## What is expected:
Reproduce every line of the listing as written, apart from the pictures.

## Data provided:
/---
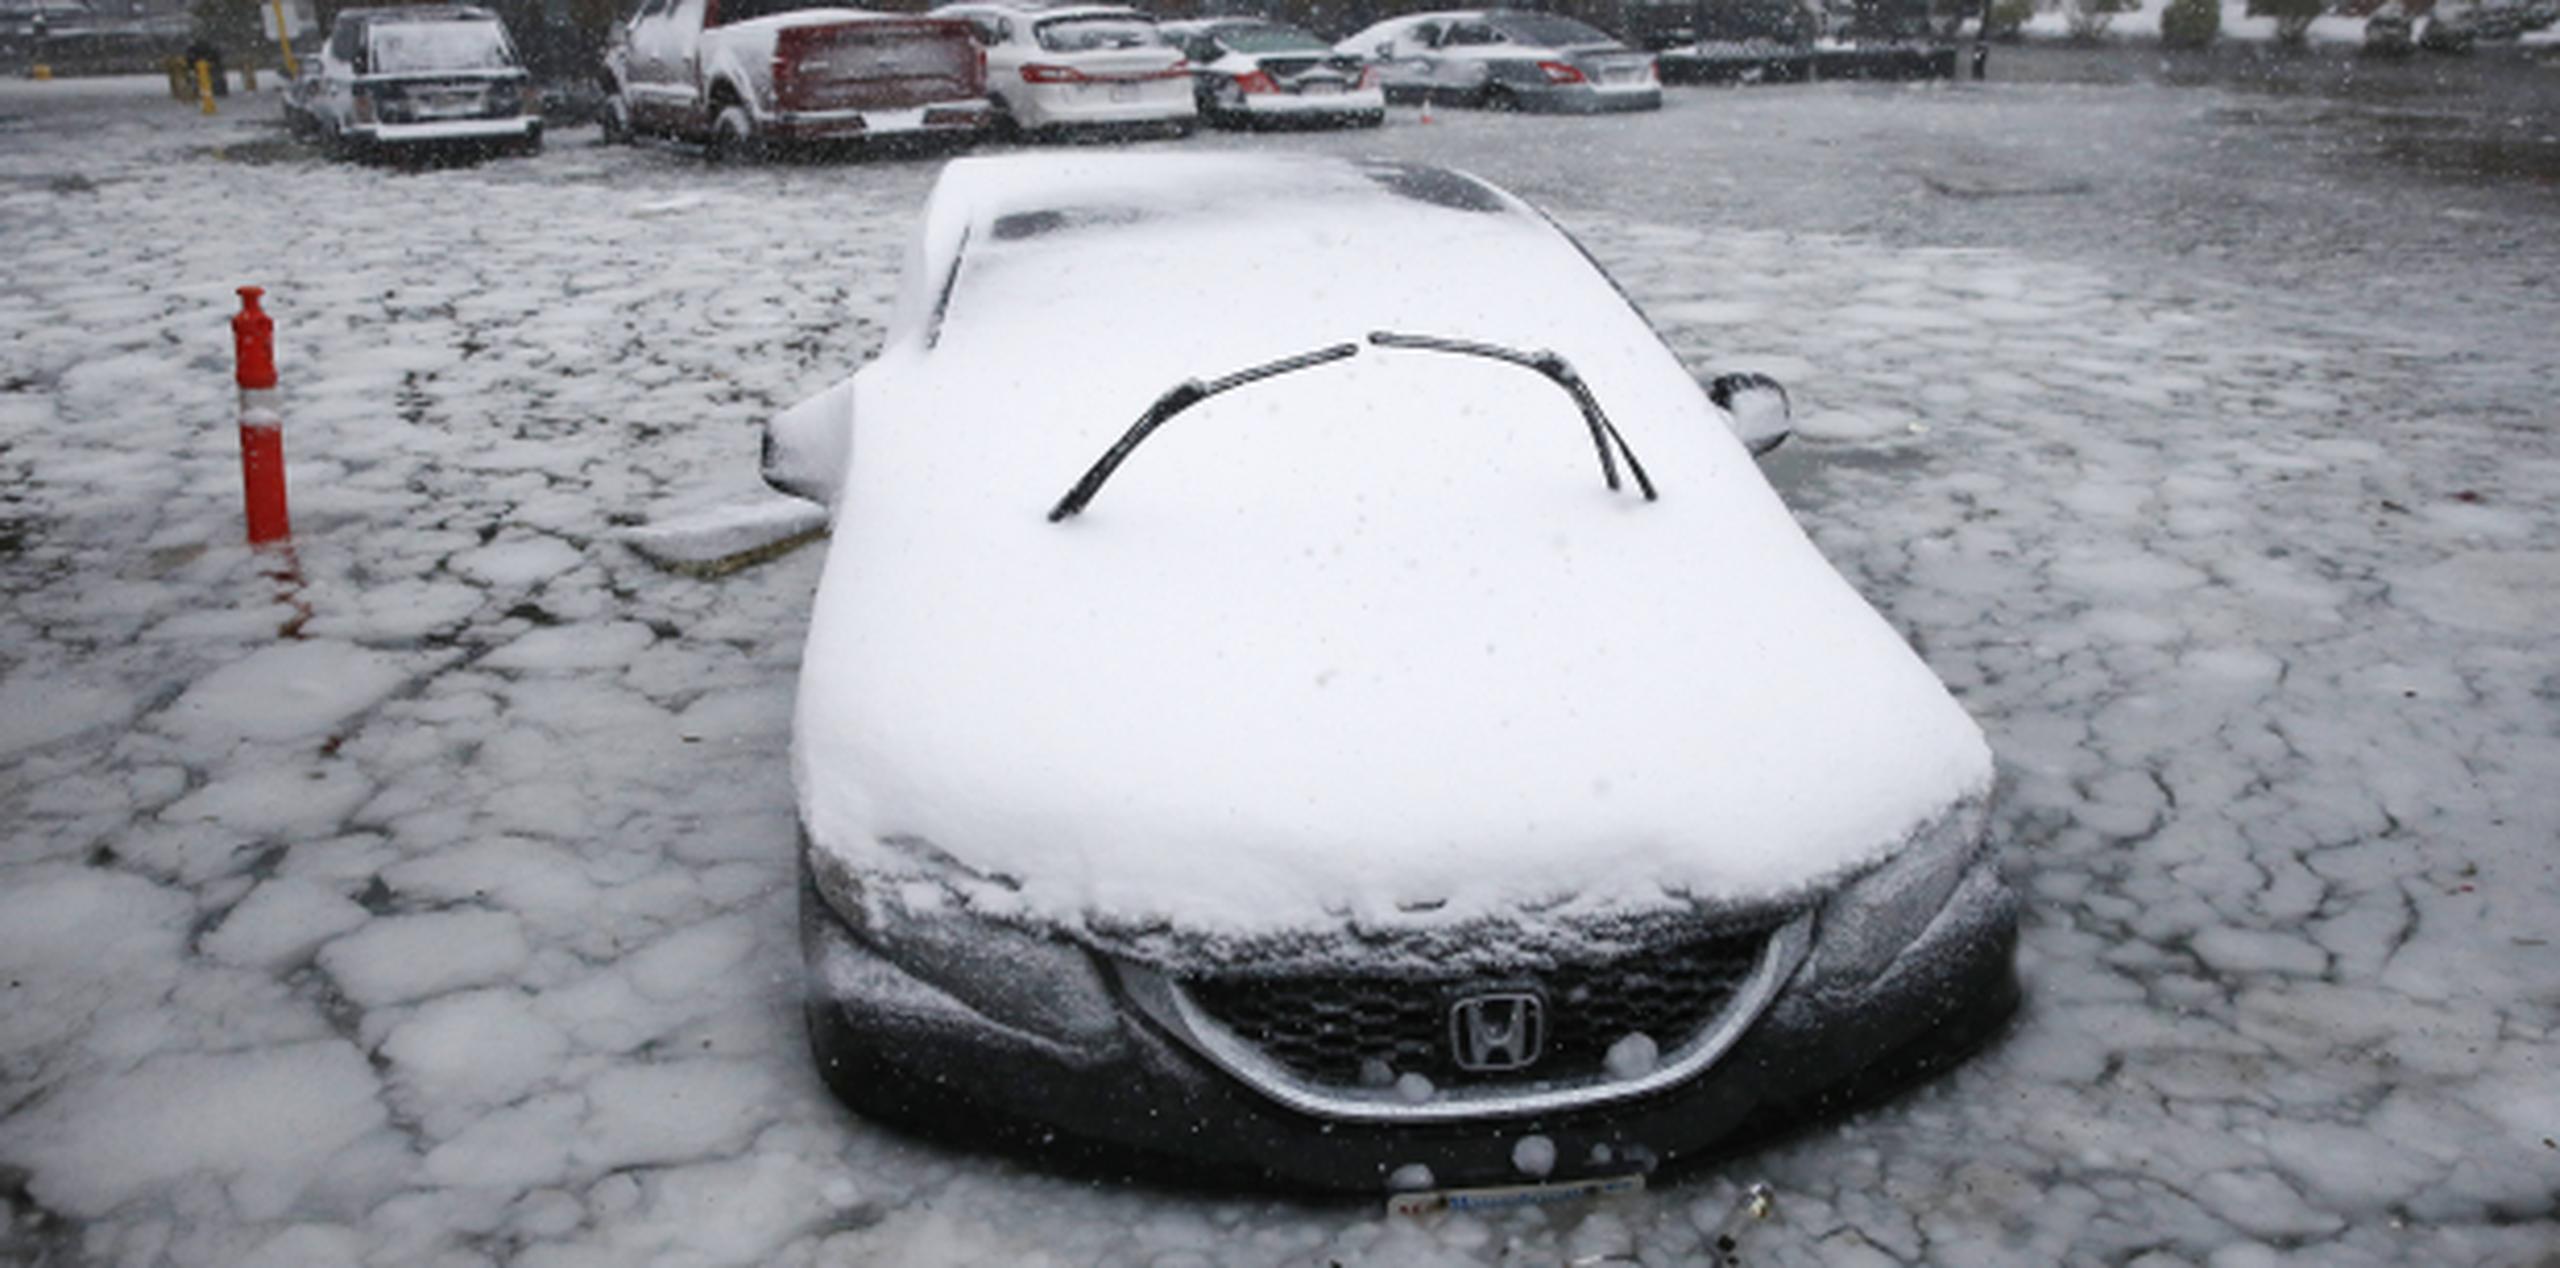 Un auto rodeado de agua y nieve en Boston. (AP / Michael Dwyer)
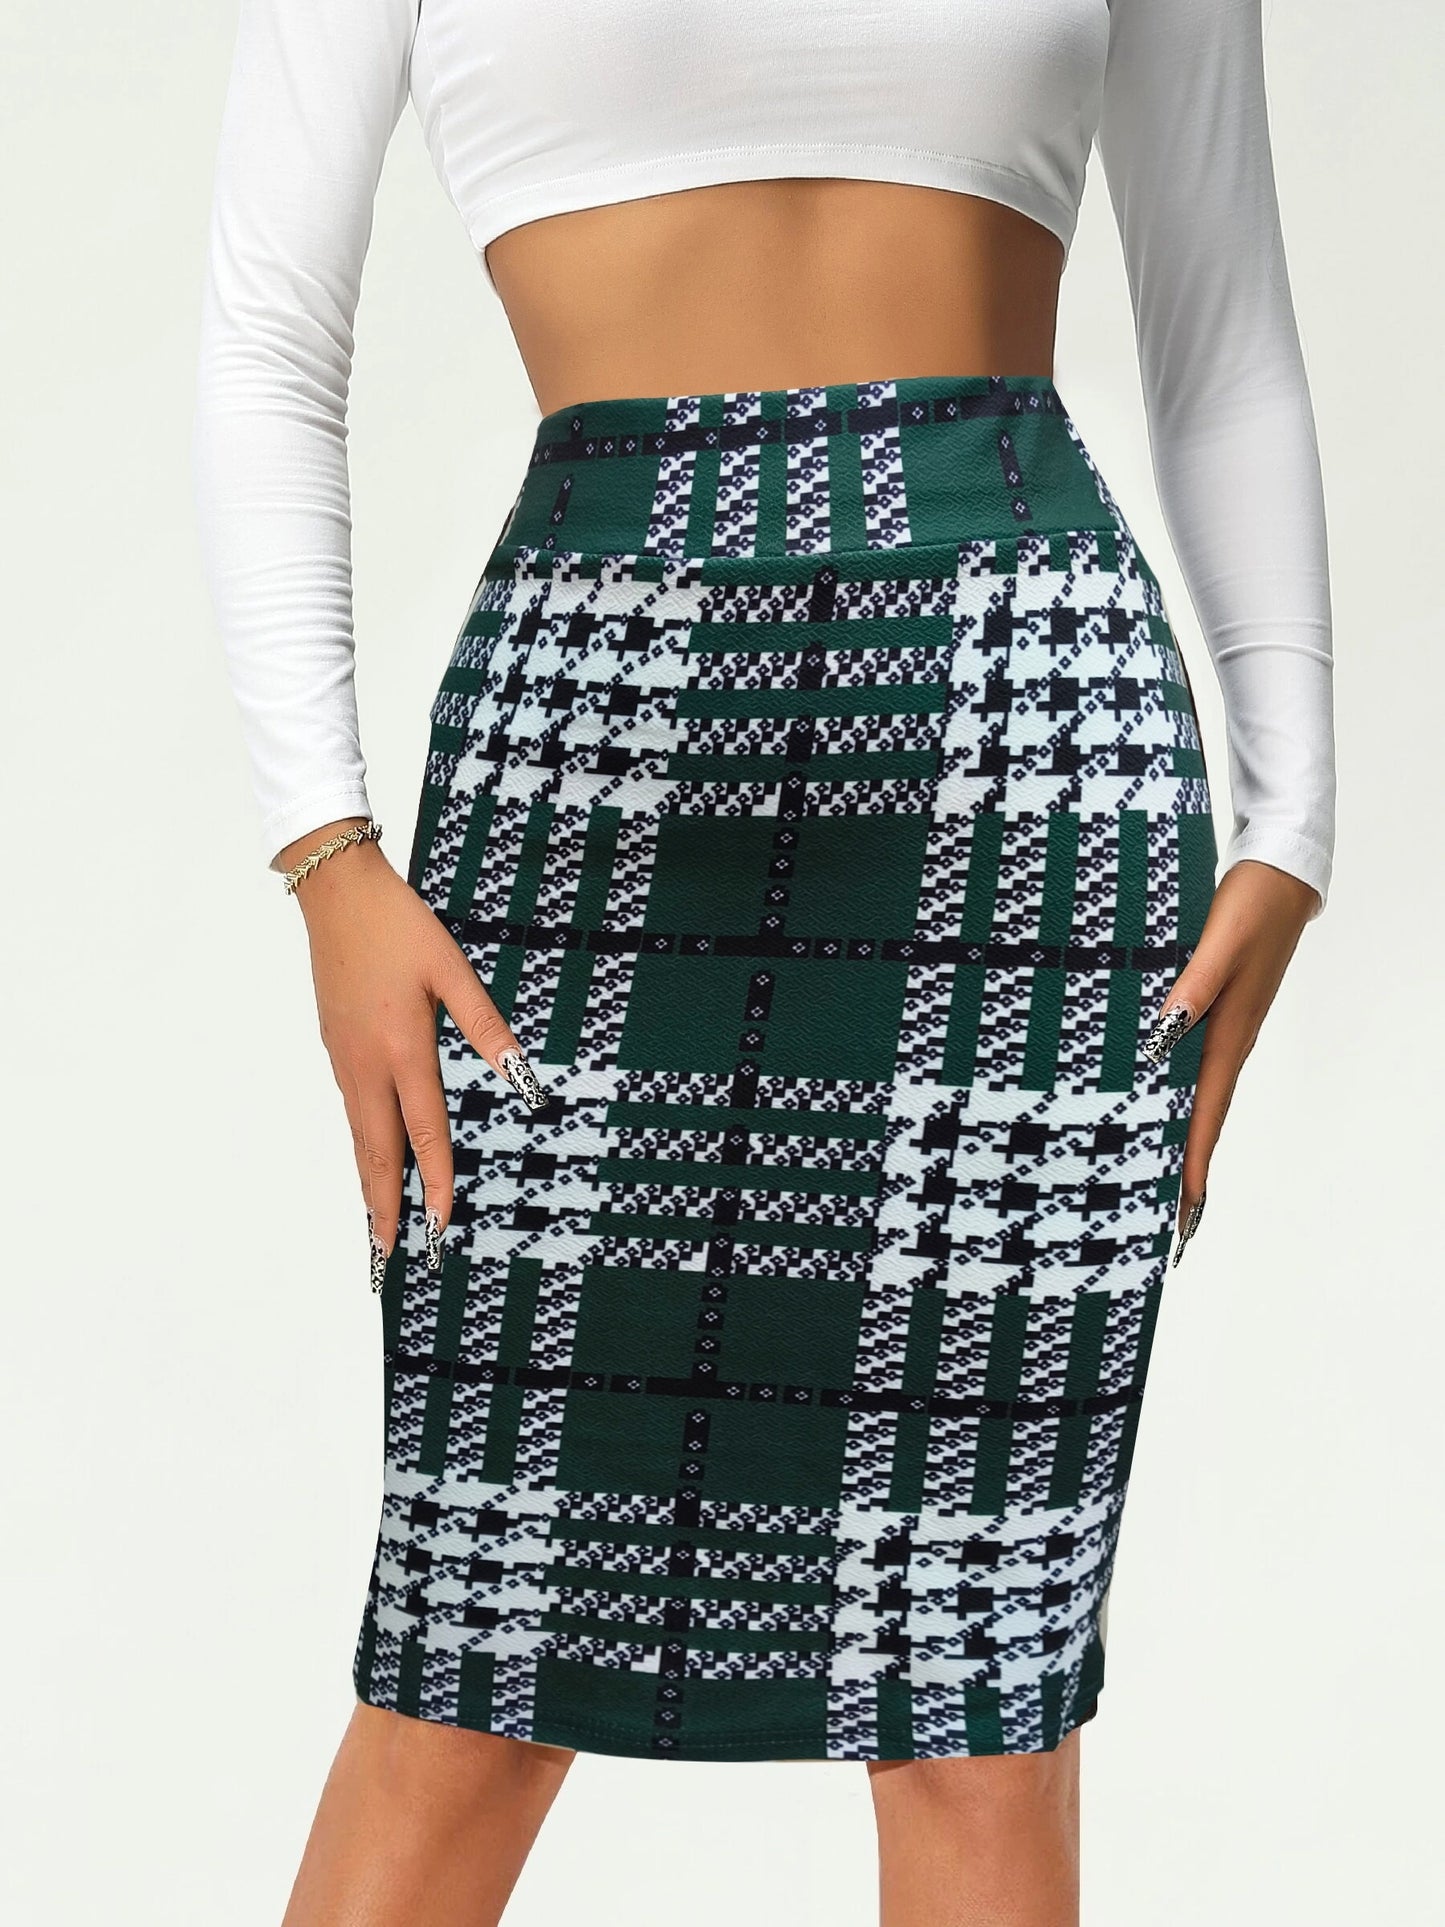 Antmvs Plaid High Waist Pencil Skirt, Elegant Knee Length Bodycon Skirt, Women's Clothing
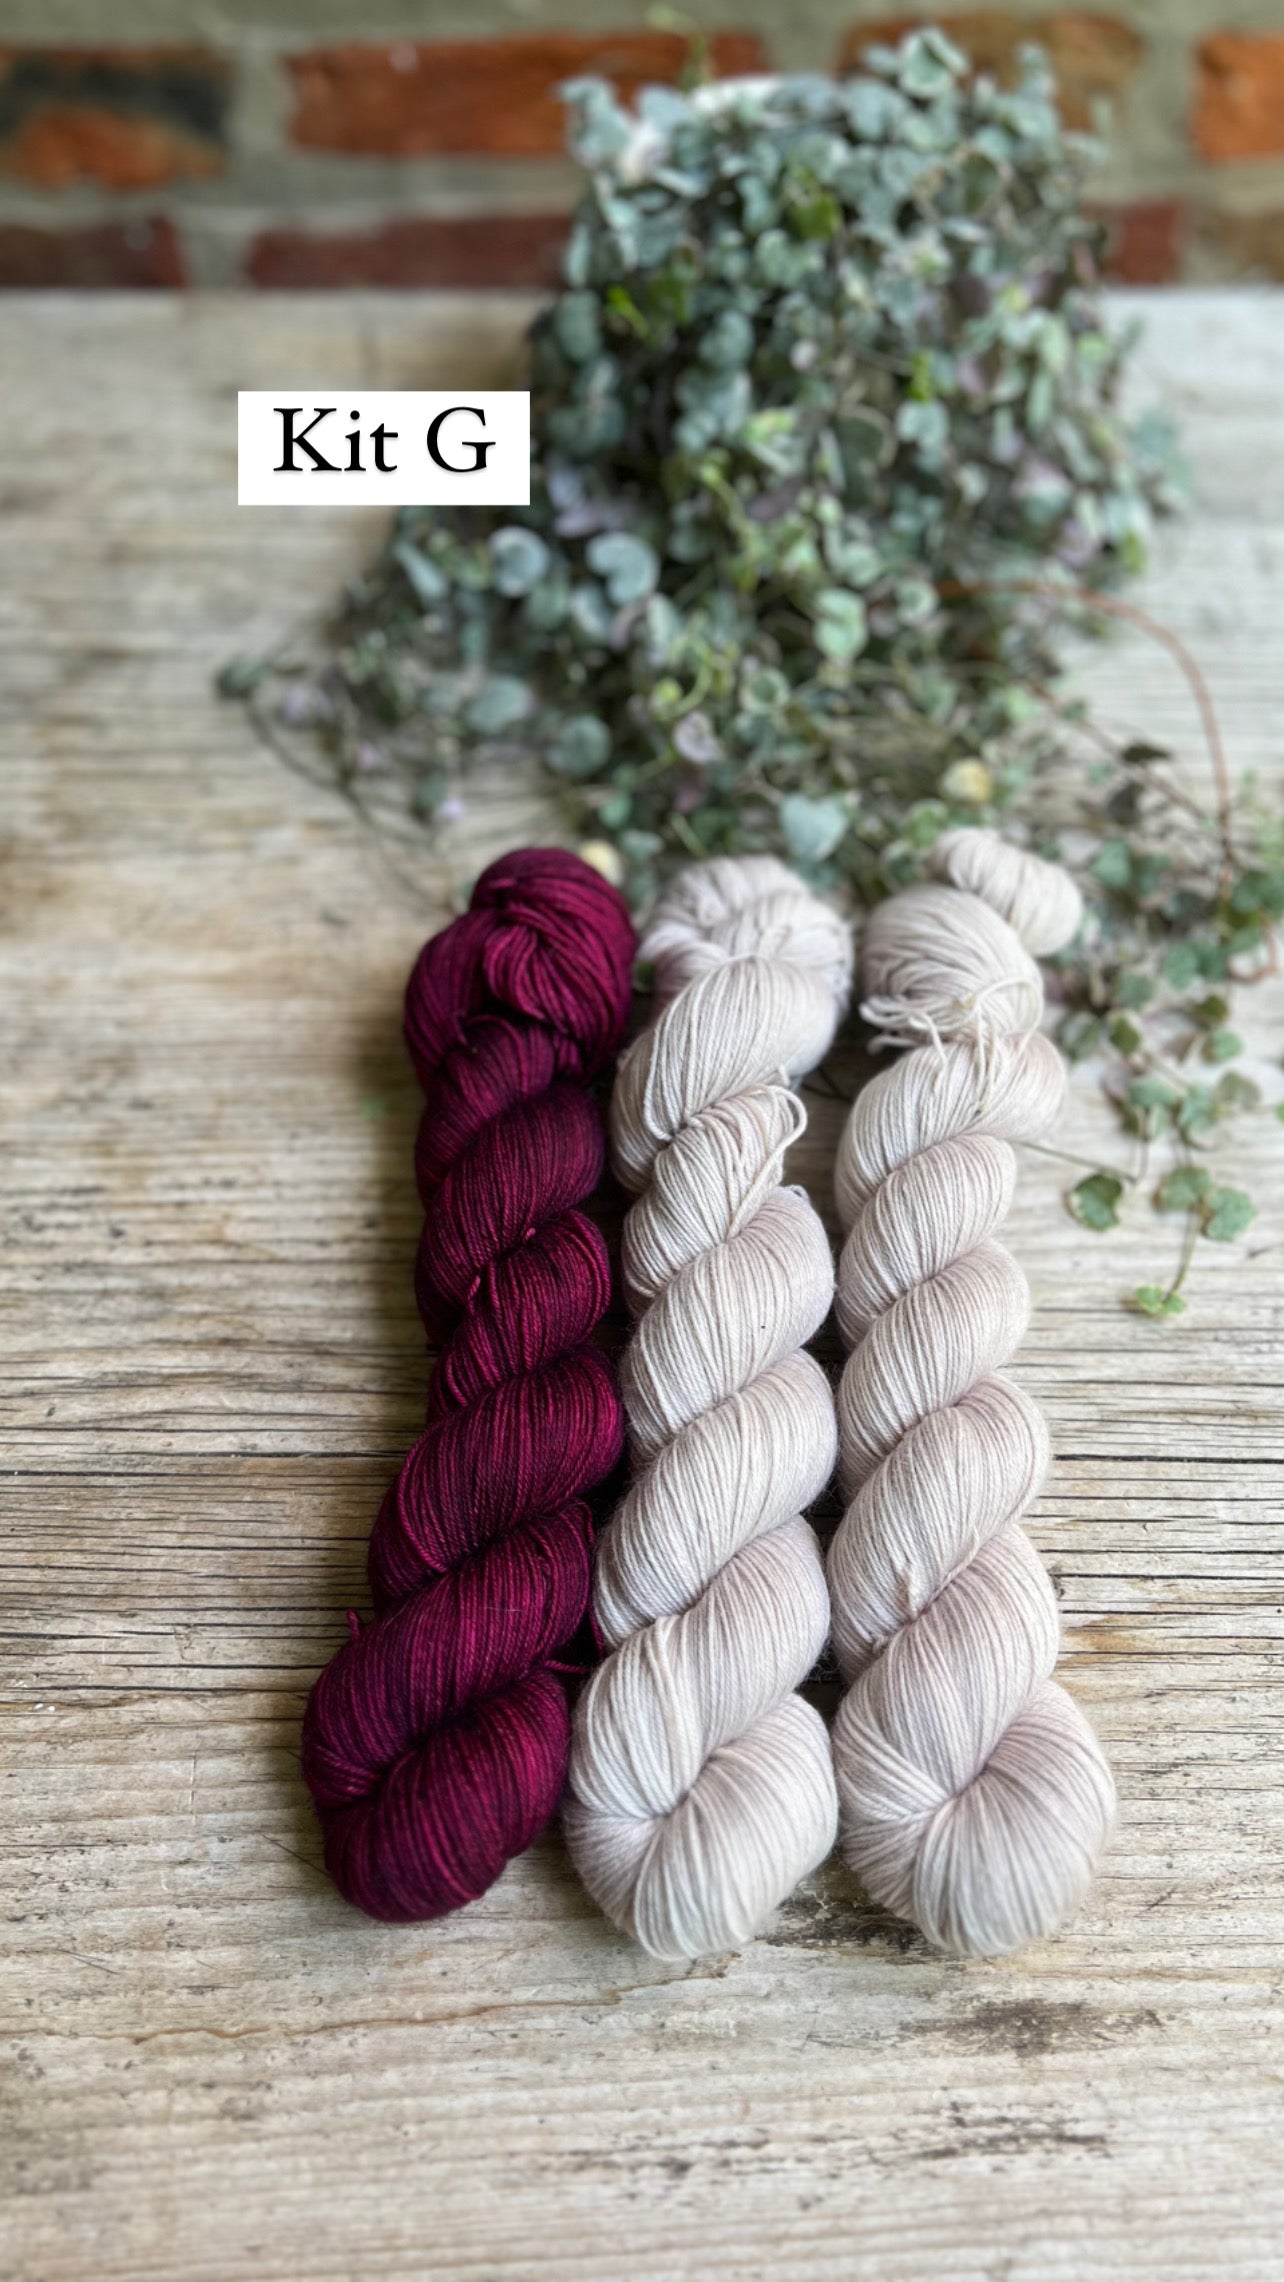 Alpine Bloom Tee by Caitlin Hunter of Boyland Knitwear
\---
## Completed task:
 Un auto rodeado de agua y nieve en Boston. (AP / Michael Dwyer)
 Antmvs Plaid High Waist Pencil Skirt, Elegant Knee Length Bodycon Skirt, Women's Clothing
 Alpine Bloom Tee by Caitlin Hunter of Boyland Knitwear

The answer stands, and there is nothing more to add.